| HN Mirror

Y	Hacker News new \| ask \| show \| jobs

by lunixbochs 204 days ago

your single core numbers seem way too low for peak throughput on one core, unless you stipulate that all cores are active and contending with each other for bandwidth

e.g. dual channel zen 1 showing 25GB/s on a single core https://stackoverflow.com/a/44948720

I wrote some microbenchmarks for single-threaded memcpy

    zen 2 (8-channel DDR4)
    naive c:
      17GB/s
    non-temporal avx:
      35GB/s

    Xeon-D 1541 (2-channel DDR4, my weakest system, ten years old)
    naive c:
      9GB/s
    non-temporal avx:
      13.5GB/s

    apple silicon tests
    (warm = generate new source buffer, memset(0) output buffer, add memory fence, then run the same copy again)

    m3
    naive c:
      17GB/s cold, 41GB/s warm
    non-temporal neon:
      78GB/s cold+warm

    m3 max 
    naive c:
      25GB/s cold, 65GB/s warm
    non-temporal neon:
      49GB/s cold, 125GB/s warm

    m4 pro
    naive c:
      13.8GB/s cold, 65GB/s warm
    non-temporal neon:
      49GB/s cold, 125GB/s warm

    (I'm not actually sure offhand why asi warm is so much faster than cold - the source buffer is filled with new random data each iteration, I'm using memory fences, and I still see the speedup with 16GB src/dst buffers much larger than cache. x86/linux didn't have any kind of cold/warm test difference. my guess would be that it's something about kernel page accounting and not related to the cpu)

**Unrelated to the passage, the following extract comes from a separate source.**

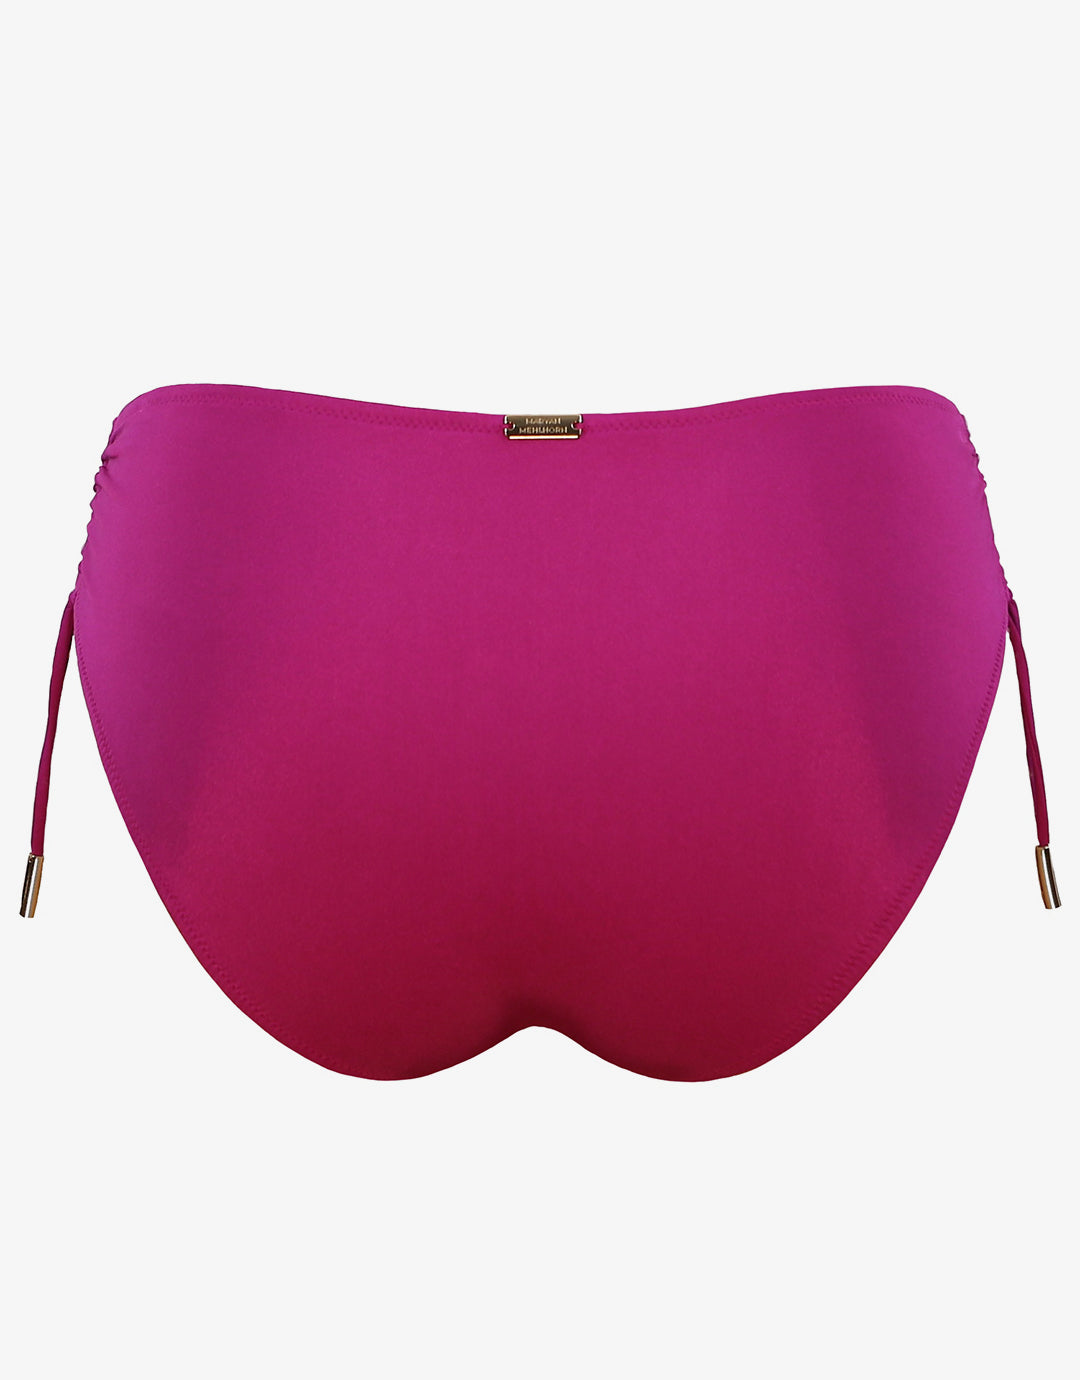 Impact Adjustable Bikini Pant - Berry Glaze - Simply Beach UK

I really don't see how you can claim either a 6GB/s single core limit on x86 or a 20GB/s limit on apple silicon

4 comments

nine_k 204 days ago

As much as I can understand a Zen 5 CPU core can run two AVX512 operations per clock (1024 bits) + 4 integer operations per clock (which use up FPU circuitry in the process), so additional 256 bits. At 4 GHz, this is 640 GB/s.

I suppose that in real life such ideal condition do not occur, but it shows how badly the CPU is limited by its memory bandwidth for streaming tasks. Its maximum memory-read bandwidth is 768 bits per clock. only 60% of its peak bit-crunching performance. DRAM bandwidth is even more limiting. And this is a single core of at least 12 (and at most 64).

link

kvemkon 204 days ago

> CPU is limited by its memory bandwidth for streaming tasks

That must be the reason, why EPYC 9175F exists. It is only 16-core CPU, but all 16 8-core CCDs are populated and only one core on each is active.

The next gen EPYC is rumored to have 16 instead of 12 memory channels (which were 8 only 4-5 years ago).

link

tanelpoder 204 days ago

This also leaves more power & thermal allowance for the IO Hub on the CPU chip and I guess the CPU is cheaper too.

If your workload is mostly about DMAing large chunks of data around between devices and you still want to examine the chunk/packet headers (but not touch all payload) on the CPU, this could be a good choice. You should have the full PCIe/DRAM bandwidth if all CCDs are active.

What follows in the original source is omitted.